Exercise objective:
A verbatim copy of all the data is required; the pictures should not appear in it.

Supplied information:
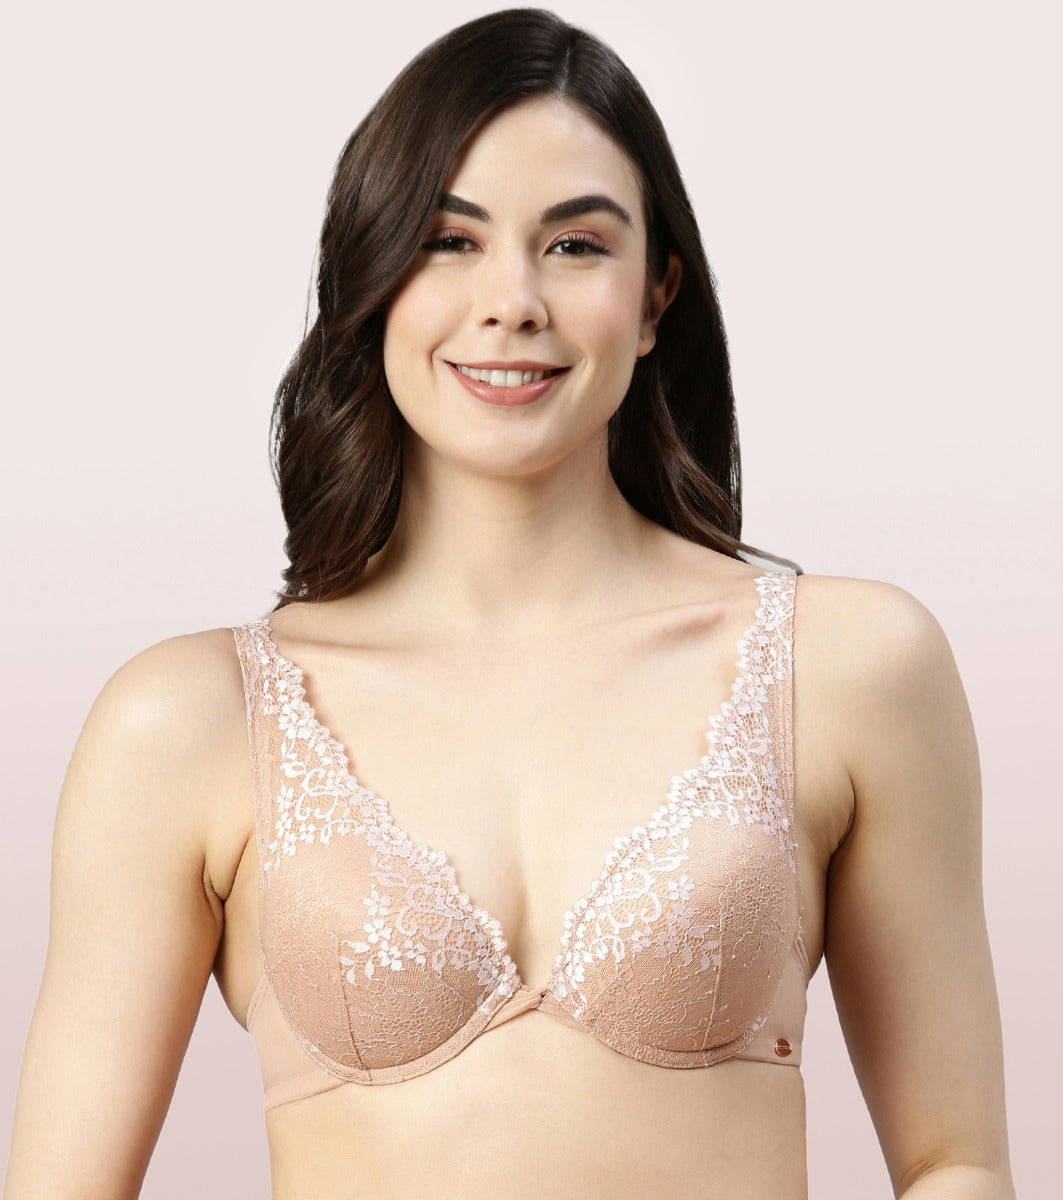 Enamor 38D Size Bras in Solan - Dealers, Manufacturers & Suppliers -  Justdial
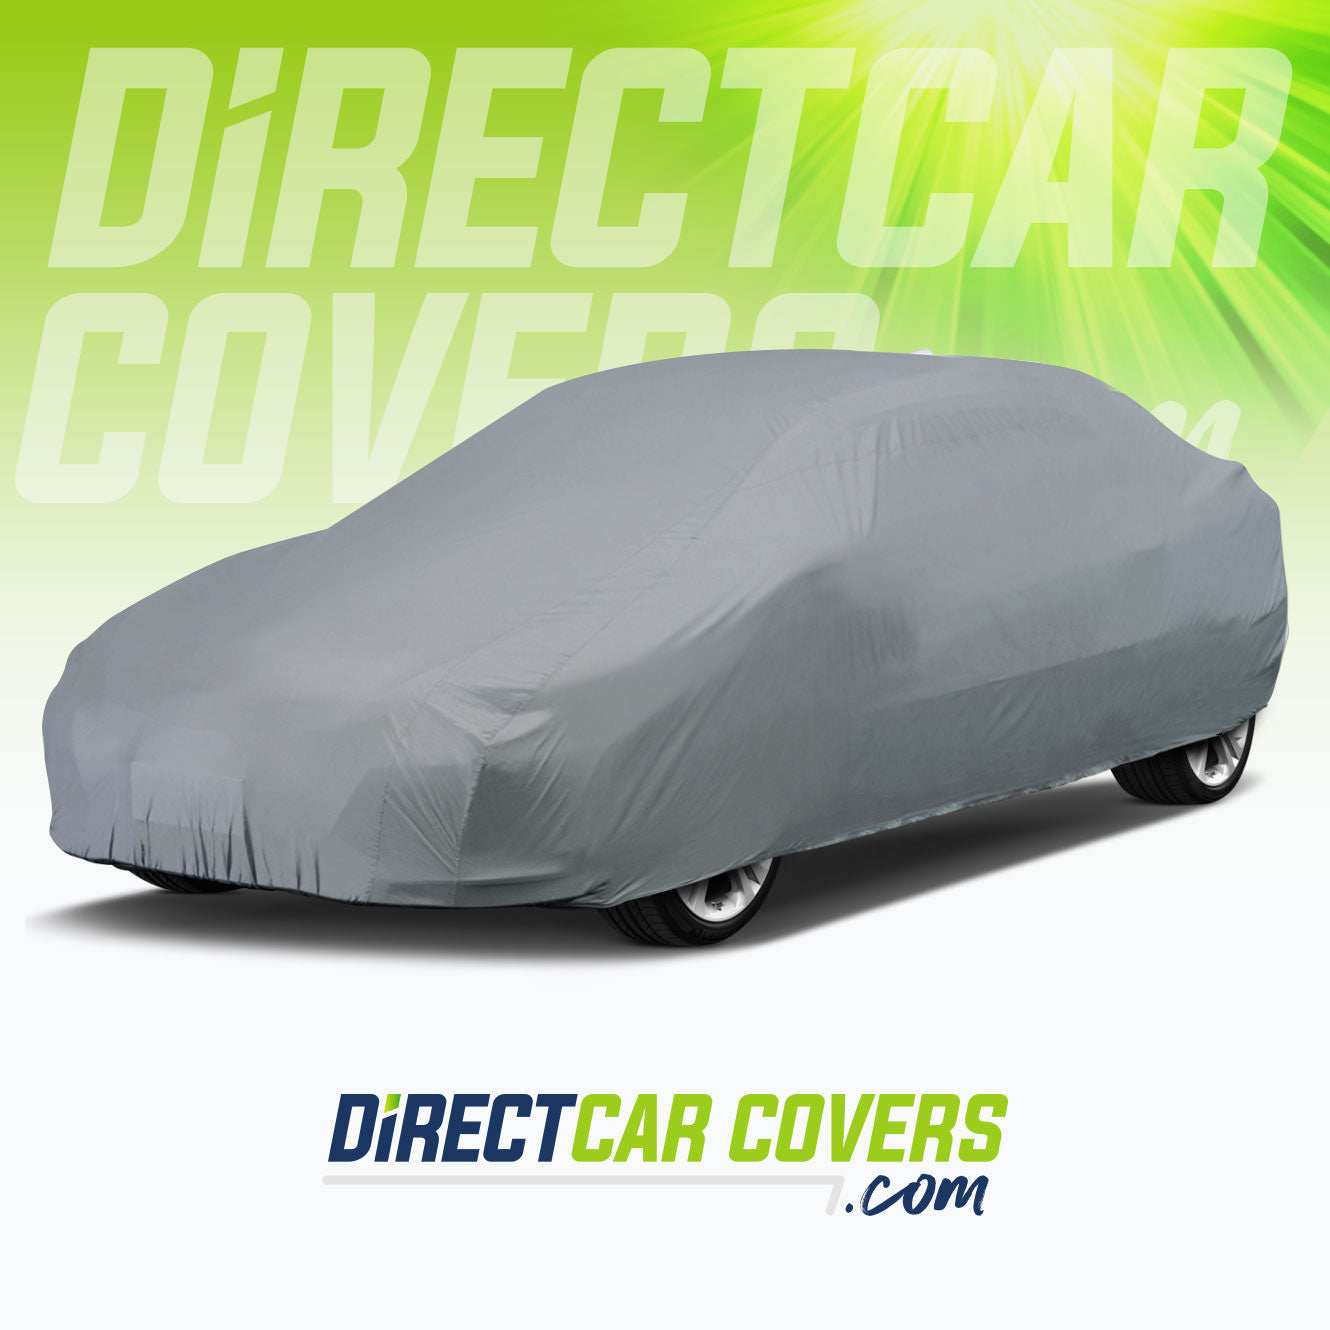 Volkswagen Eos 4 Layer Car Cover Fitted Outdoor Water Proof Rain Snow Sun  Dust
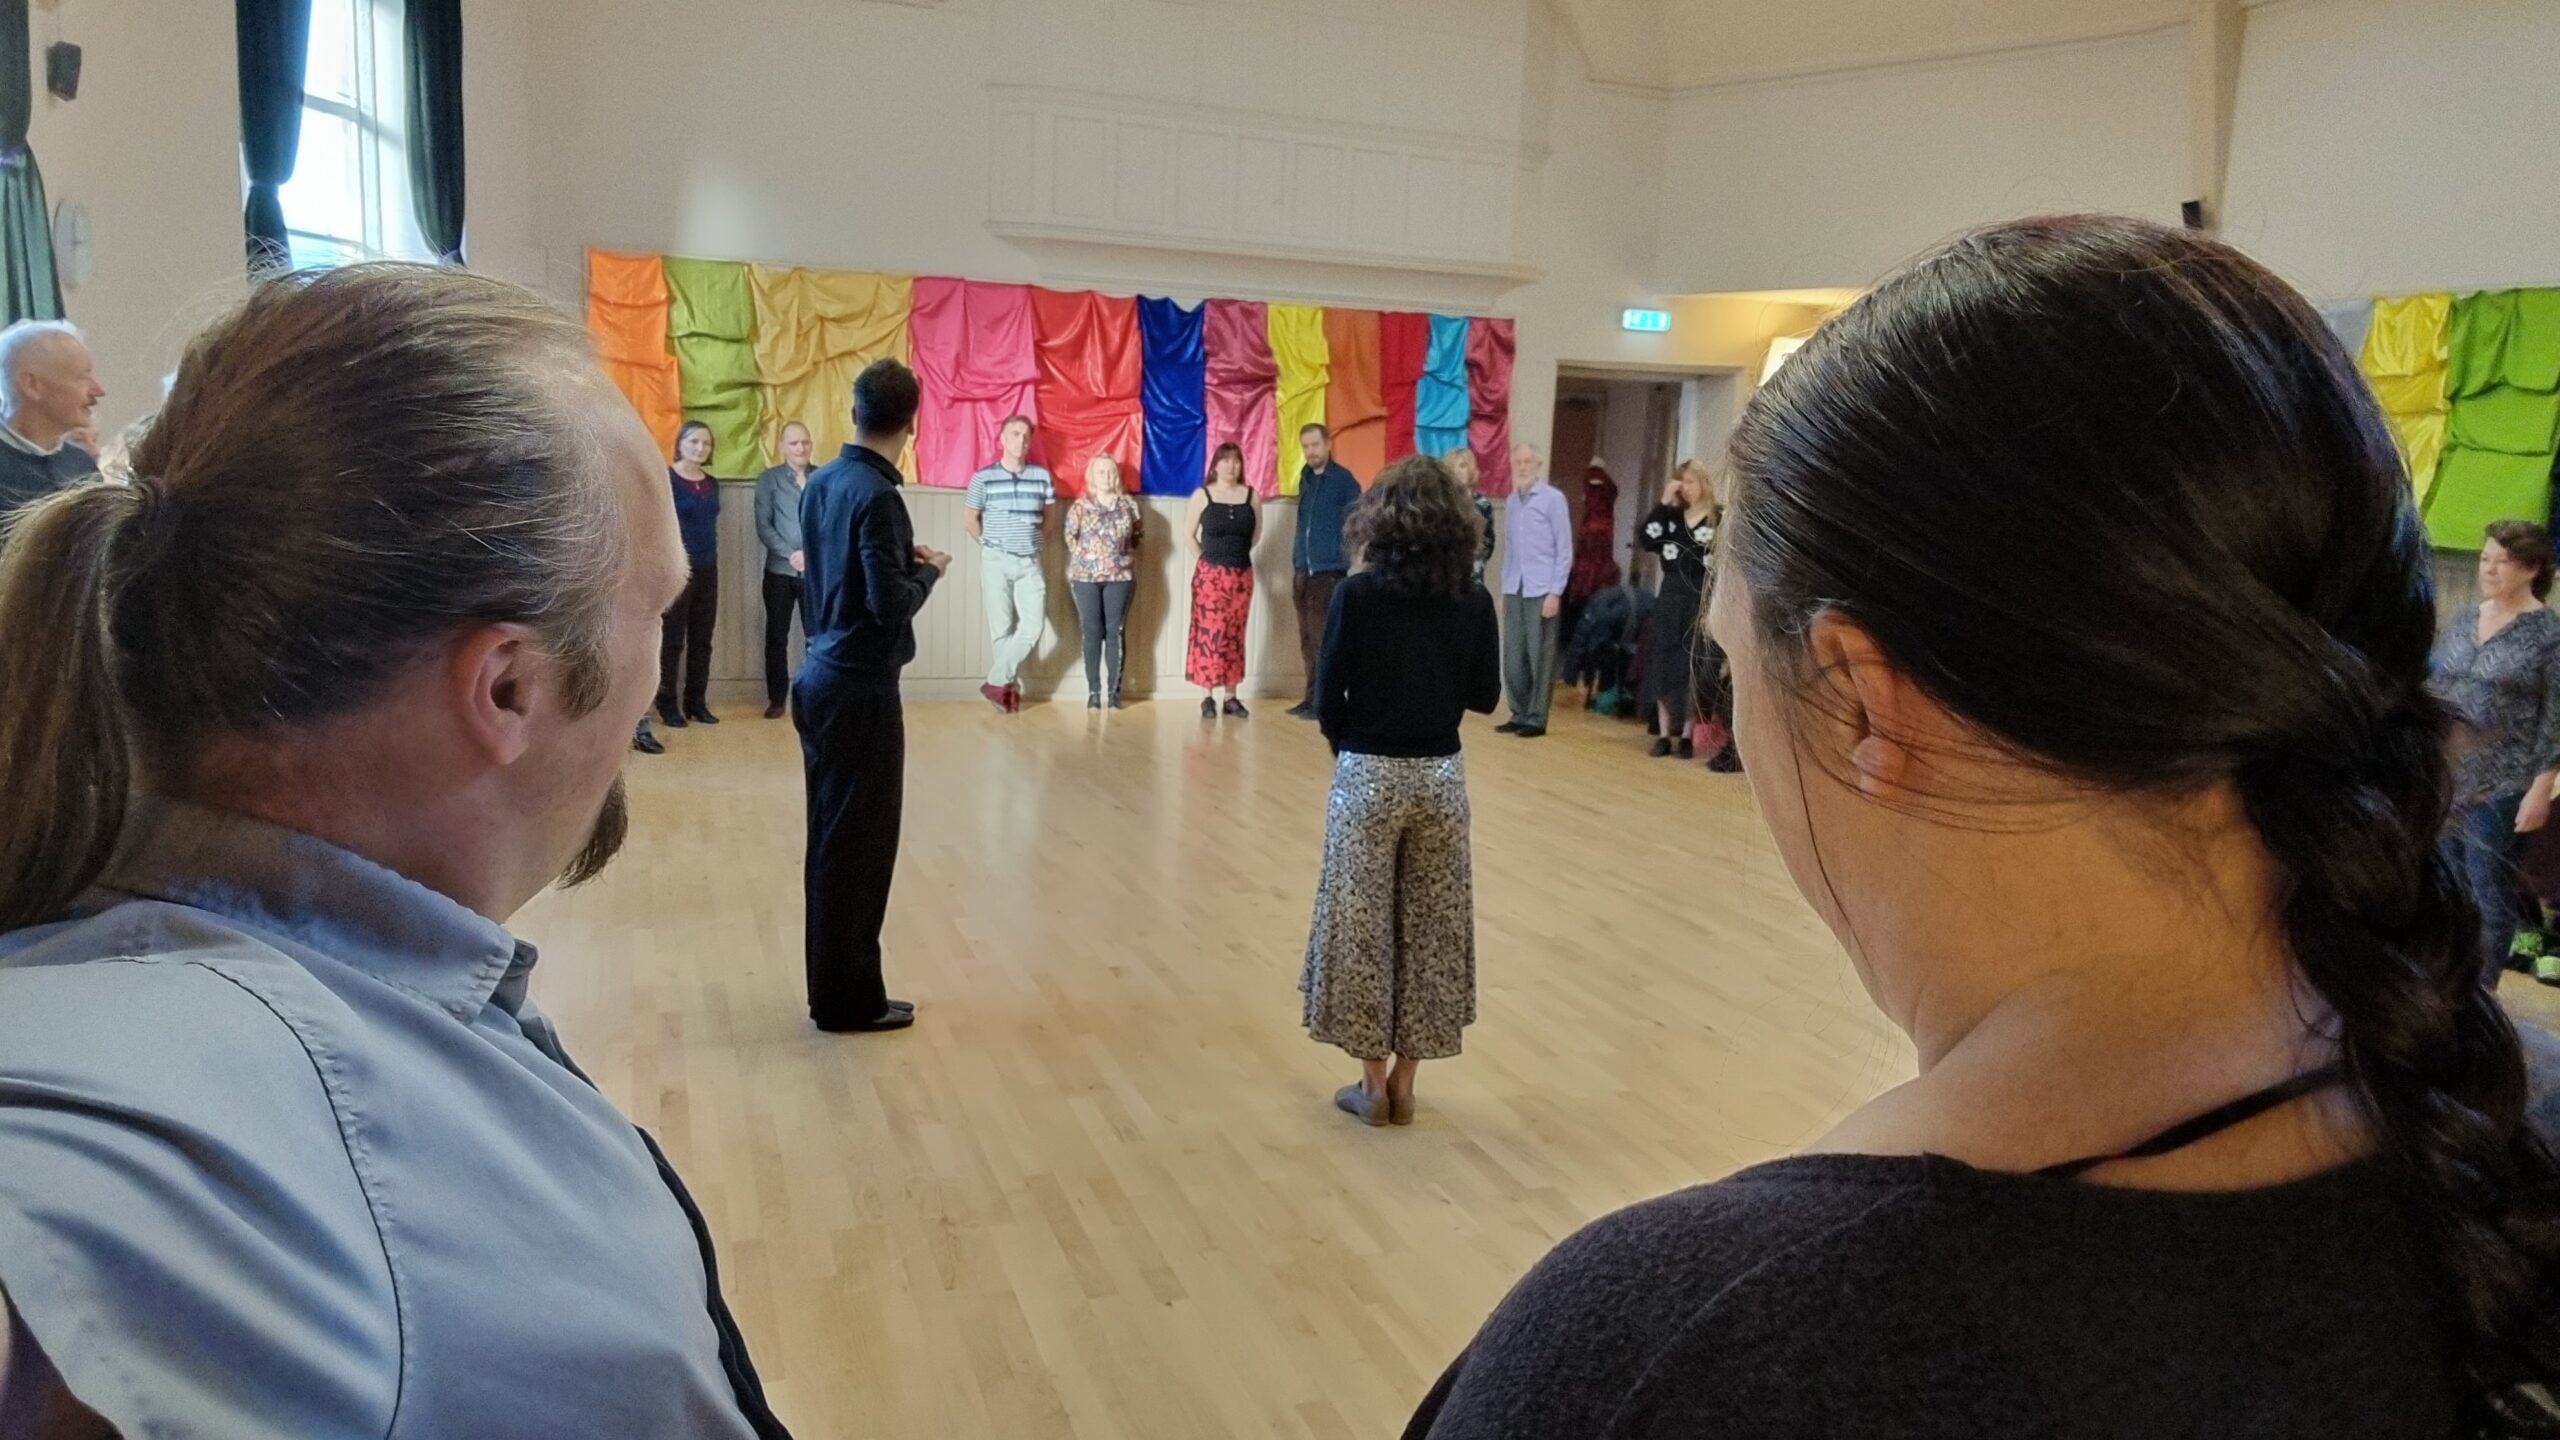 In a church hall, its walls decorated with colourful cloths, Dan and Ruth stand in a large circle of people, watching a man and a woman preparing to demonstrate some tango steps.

Answer box:
 Enamor 38D Size Bras in Solan - Dealers, Manufacturers & Suppliers -  Justdial
 Volkswagen Eos 4 Layer Car Cover Fitted Outdoor Water Proof Rain Snow Sun  Dust
 In a church hall, its walls decorated with colourful cloths, Dan and Ruth stand in a large circle of people, watching a man and a woman preparing to demonstrate some tango steps.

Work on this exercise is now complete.